Congress members question Gandhi leadership in India

India's Congress Party President Sonia Gandhi addresses a press conference at the party headquarters in New Delhi, in this May 16, 2014 photo.

India’s Congress Party President Sonia Gandhi addresses a press conference at the party headquarters in New Delhi, in this May 16, 2014 photo.

NEW DELHI: Rumblings of dissent are growing against the Gandhi family that leads India’s hapless Congress Party, five months after the most resounding electoral defeat in the party’s 129-year history.

The Gandhis’ troubles are helping Prime Minister Narendra Modi as he seeks to further his agenda of economic and social reform by winning control of the upper house of parliament.

Disgruntled Congress members pasted newspaper over portraits of the mother-son team of Sonia and Rahul Gandhi at a party office in the southern state of Tamil Nadu on Monday, after a party veteran shunned their leadership and formed his own splinter group.

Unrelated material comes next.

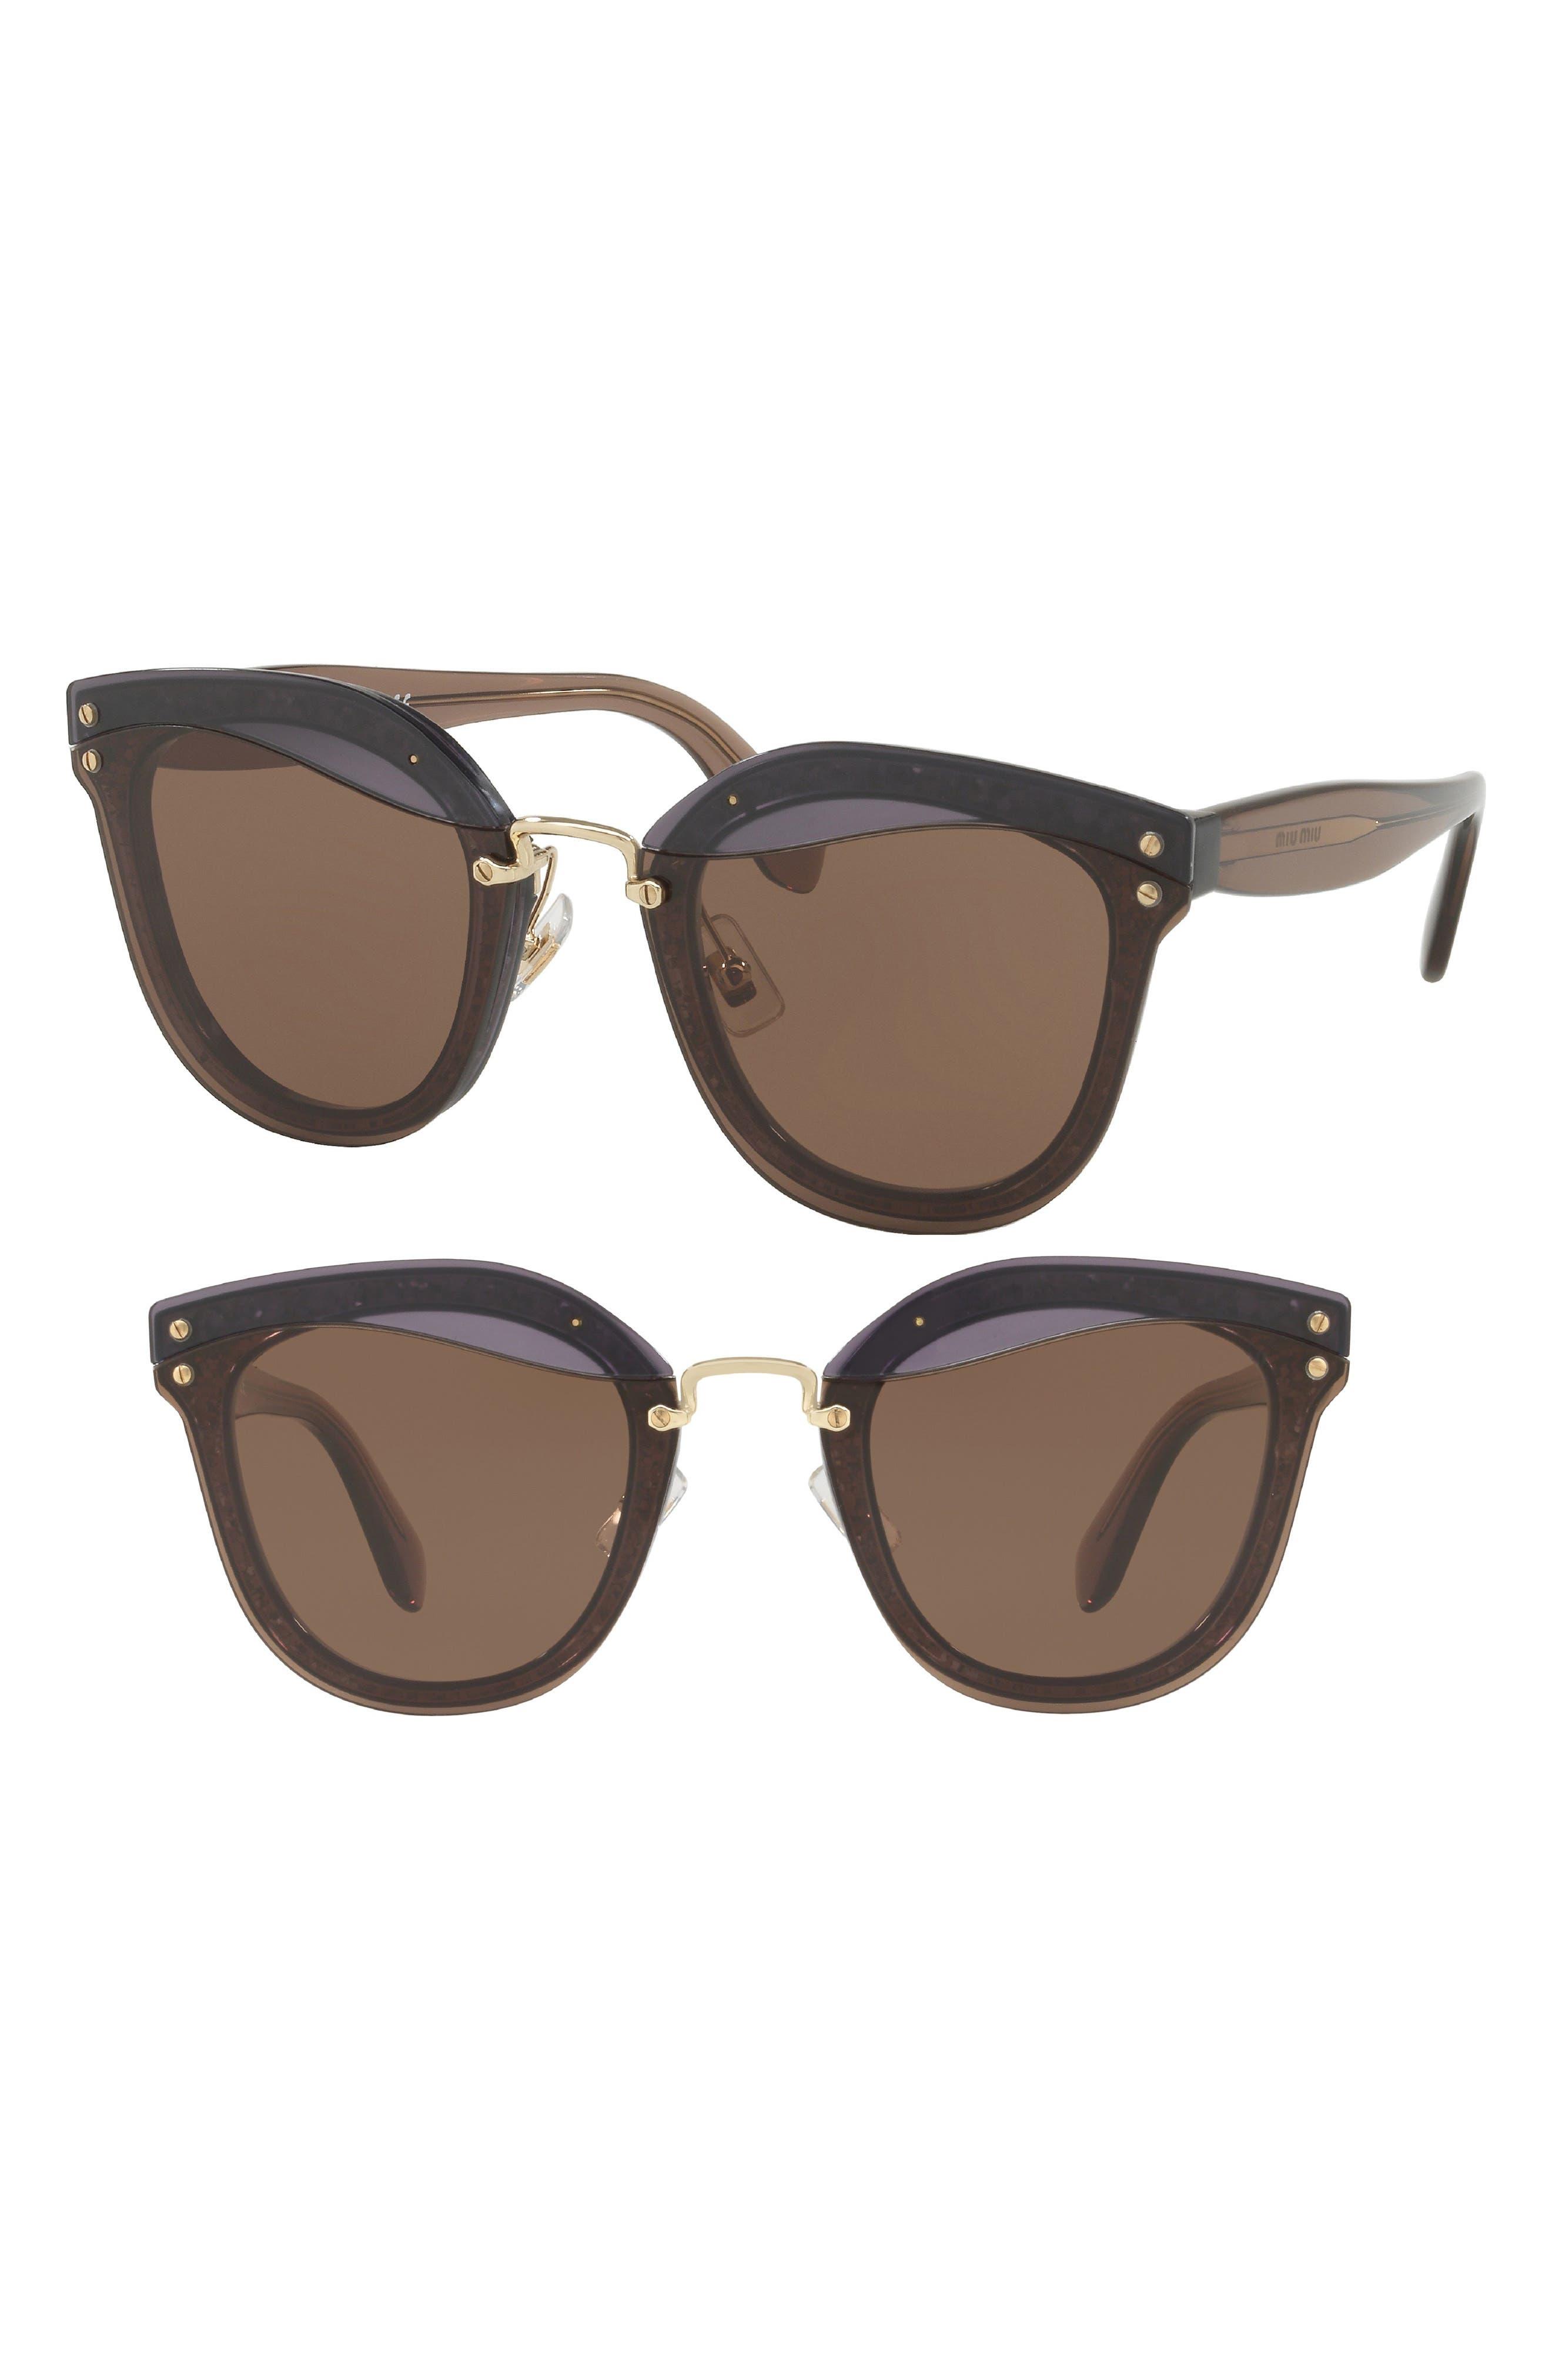 bffefeec2838 Miu Miu Sunglasses for Women

G.K. Vasan, a former minister, was the latest in a series of regional leaders to quit the party, which was pushed out of office in May, clinging to just 44 of 543 seats in parliament.

Vasan’s departure triggered more criticism of the Gandhis and their perceived lack of introspection.

On Wednesday, Karti Chidambaram, the son of India’s previous finance minister, said the Congress leadership should give state chapters of the party more freedom.

“We must rethink this high-command observer culture,” he said. “We cannot wait for Delhi to show the path in every single way.”

Congress faced further embarrassment at the weekend when Sonia Gandhi’s son-in-law Robert Vadra, shoved away the microphone of a journalist who asked him about allegations he profited from sweetheart land deals.

Vadra was pilloried for his responses of “Are you serious?” and “Are you nuts?” which became Twitter sensations. Analysts said the incident was a reminder of the stand-offish attitudes that led many people to reject the party in May.

“The Vadra incident simply smacks of the arrogance of power,” said Sandeep Shastri, a professor of political science at Bangalore-based Jain University.

Modi has repeatedly promised a “Congress-free India” to end the domination of a party that has ruled India for most of the 67 years since freedom from British rule. He blames the Nehru-Gandhi dynasty for the country’s slow development.